His body, while muscular and toned at 81 from years in construction and carpentry, looks out of place in a hospital gown. A rapid discharge pre-empted such concerns. Plus, I knew the danger of moving him. It couldn’t get any worse than this.
I signed every indemnity waiver and legal document the doctors pushed at me with only a cursory glance. Continued to ignore my senior editor's phone calls.
Like people don't believe in voicemail.
Time was ticking.
An old acquaintance who serviced the hospital ambulances volunteered with a co-worker to transport us (under the radar) to the Paget homestead four minutes away. I figured he overheard my loud intention to “Get my father the hell out of here" and into a van replete with IVs and drip stands.
Factor ten crazy desperation clears a path awful quick. At least before security arrives. I barely manage a thank you.
Juliette hurled every curse of foul murder when she found out, pounding my chest, piercing my heart with cries to skewer pent rage as I offered no defense. The anguish neither of us knew what to do with spilled out of her, turmoil I only emitted in silent wet streams down my face.
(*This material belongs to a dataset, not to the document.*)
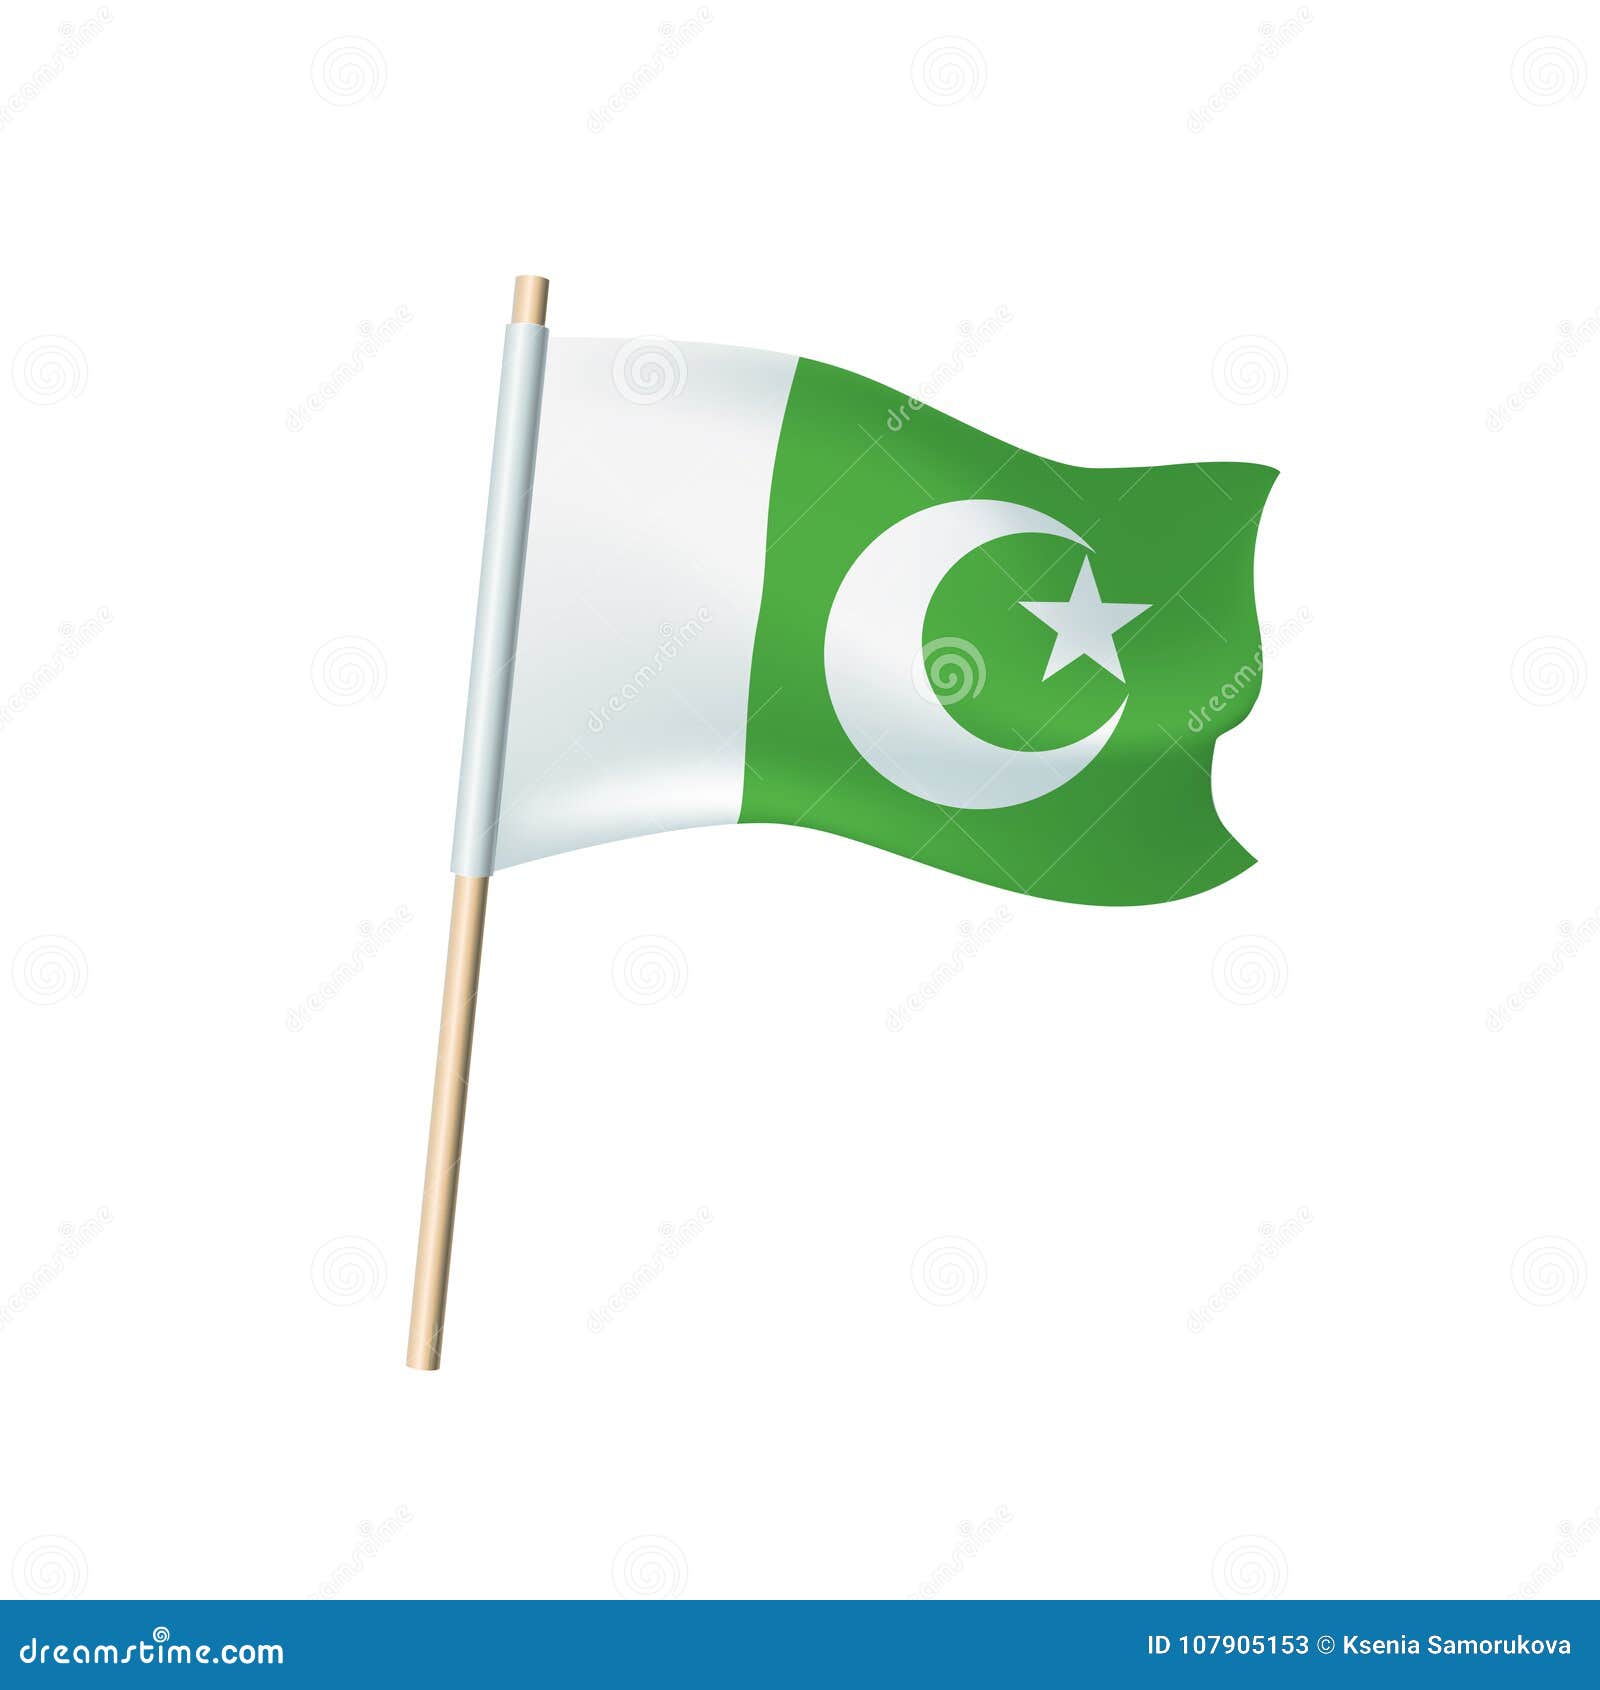 Зелено белый флаг с месяцем. Зелёный флаг с полумесяцем и звездой. Зеленый флаг. Бело зеленый флаг. Зелено белый флаг с полумесяцем.

She knew Daddy would want this.
Dad's straightforward philosophy: "Weren't born in one. Ain't dying in one."
She knew.
But it meant accepting the CT results: Intracranial hemorrhage with parietal edema. Inoperable. DNAR on file. End-of-life care protocols to commence.
*
“Nobody is putting my Linda in a rest home.” He was calm and matter of fact when I brought up the subject two years ago on a visit home from New York. Repeat police callouts when Mama got “lost” were not sustainable or safe going forward. Even with hired help, Jules and her husband Craig struggled to support our parents.
“But Pops, it’s not a rest home, it’s respite care—just so you get a break every now and then.” I tried to explain. “Mama comes back home after. Right now she needs observation 24/7.”
“You don’t get it.” He stood up from the dining room table, a cluttered mix-match of used ivory and sea blue china plates, cutlery, and half-filled cups around a center vase of fresh pink and red hibiscus. “You don’t take breaks from a marriage, son.” The last utterance hung in the air before he disappeared into the bedroom where Mama slept for only three hours a day.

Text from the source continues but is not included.